Ivchenko-Progress ZMKB (, Zaporizhzhia Machine-Building Design Bureau "Progress" State Enterprise named after Academician O.H.Ivchenko), formerly OKB-478 and Ivchenko Lotarev, is a state design bureau that creates drafts and plans for aircraft engines in Zaporizhzhia, Ukraine whose products are widely used in both civil and military aircraft, most notably by Antonov, Beriev, Ilyushin, Tupolev, Mil and Yakovlev. The design bureau works closely with Motor Sich, the turbine manufacturer located in Zaporizhzhia which produces those engines.

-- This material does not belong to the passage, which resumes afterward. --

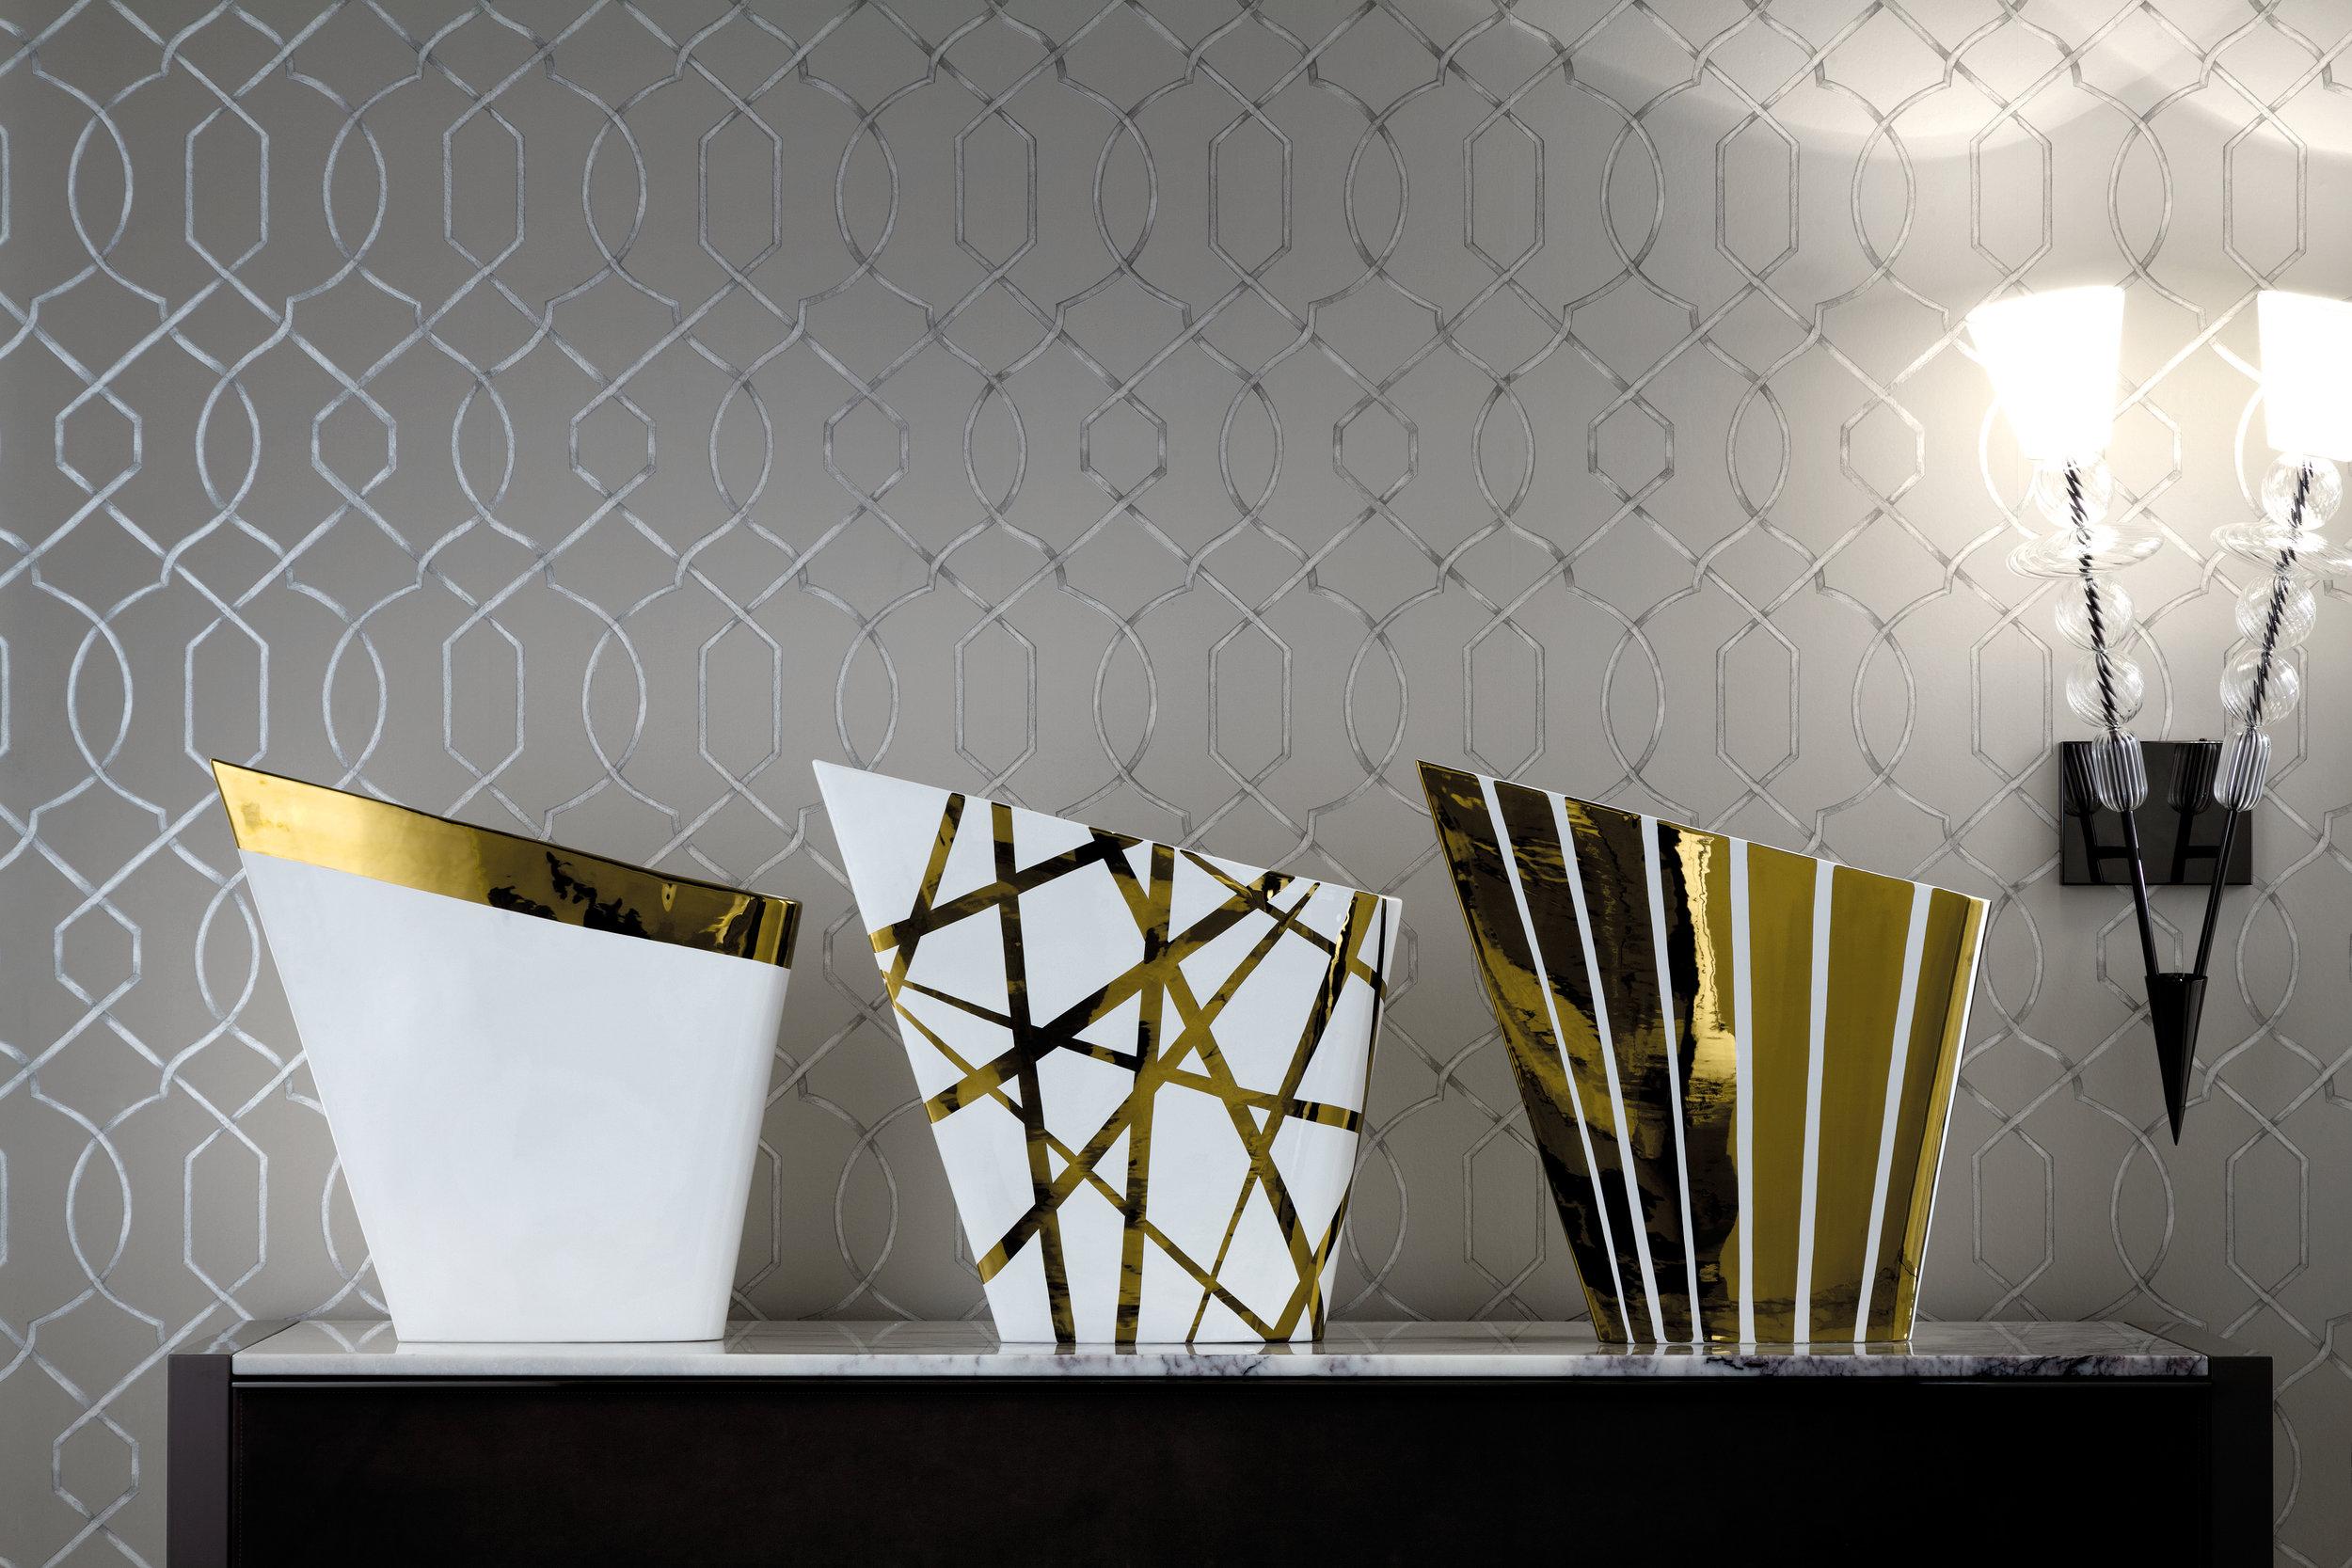 GC_Vision_Accessories_Teseo-Perseo-Orfeo Vases_01.jpg

Polish manufacturer PZL-Mielec used the Progress ZMKB AI-25TL engine in the PZL M15 cropduster. Both the largest plane in the world, the Antonov An-225 Mriya and the largest helicopter, the Mil Mi-26, are powered by Progress/Lotarev engines.

The bureau is administered by the Ukrainian Defense Industry and the Ministry of Industrial Policy.

History
The Company has been involved for 60 years in the design of engines to power aircraft and helicopters of various types, and  also designs drives and special equipment for industrial applications.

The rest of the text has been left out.